The Salinas Californian’s story Local produce linked to E. coli outbreaks reports that contamination of lettuce and spinach grown in the Salinas area is blamed in three major food-illness outbreaks since 2002, although state investigators have been unable to pinpoint the sources of bacteria that killed one elderly woman and sickened at least 114 other people.
From the article:
All three incidents, two in California and one in Washington state, involved the most dangerous form of the bacteria E. coli — type O157:H7.
This form, which can lead to kidney failure in the worst cases, is more often transmitted in food handling than during cultivation or processing. But in two of the outbreaks, multiple contaminations of lettuce from the same shipments in different places suggest that trouble occurred before the produce reached food preparers.

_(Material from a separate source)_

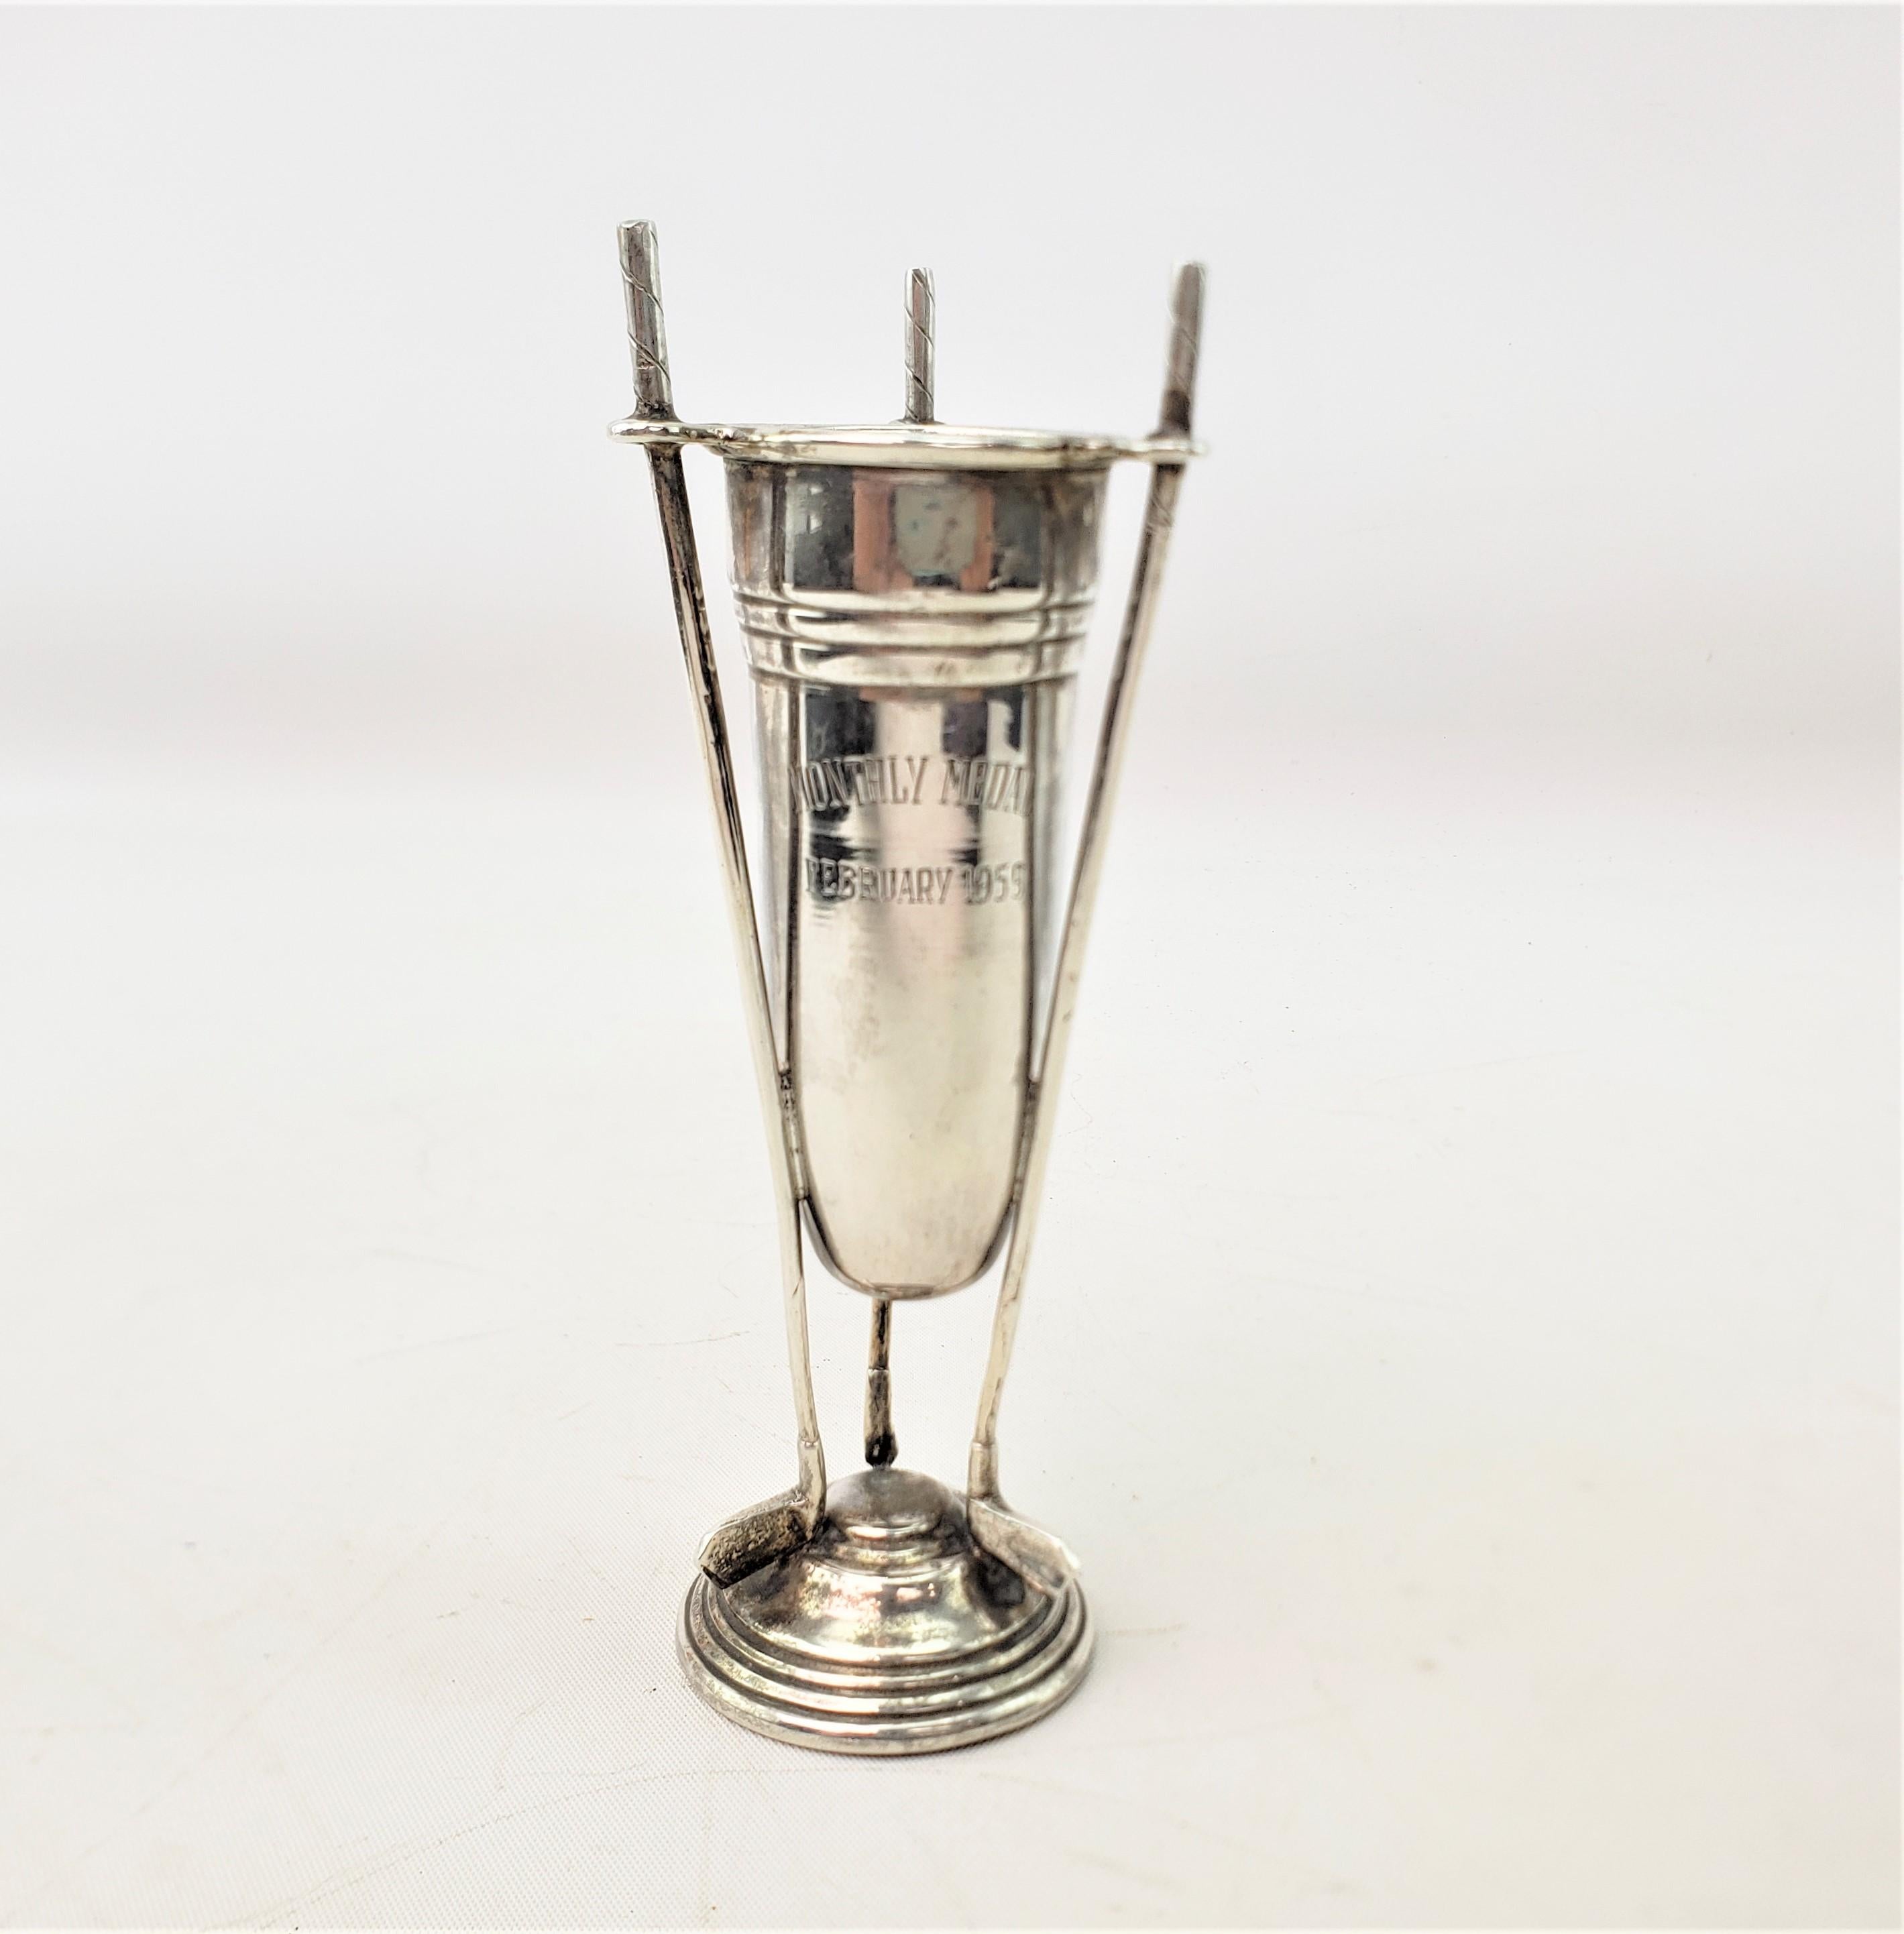 This vintage miniature trophy has no maker's mark, but is presumed to have originated from the United States and date to approximately 1959 and done in the period Mid-Century Modern style. The trophy is composed of sterling silver and features three

“The multiple sources of romaine involving two distant states suggest that contamination was not caused by consumers or a food handler,” said a Washington State Department of Health report released in March 2003. “It is likely contamination occurred prior to lettuce distribution.”
At least 16 victims were hospitalized with symptoms that included severe cramping, vomiting and bloody diarrhea, according to official reports. All survived except for a resident of a Bay Area retirement community, who ate contaminated spinach in October 2003, and a fellow resident, who was hospitalized for bacterial infection and died days later of an unrelated cause, the San Mateo County Health Services Agency said.
Following each of the outbreaks reported between July 2002 and October 2003 — at a drill-dance camp in Washington state, a restaurant chain in San Diego County and the retirement community in Portola Valley — California health officials completed extensive investigations around Salinas.
All three outbreaks involved produce that had been cut in advance for convenient use, as opposed to heads or bunches.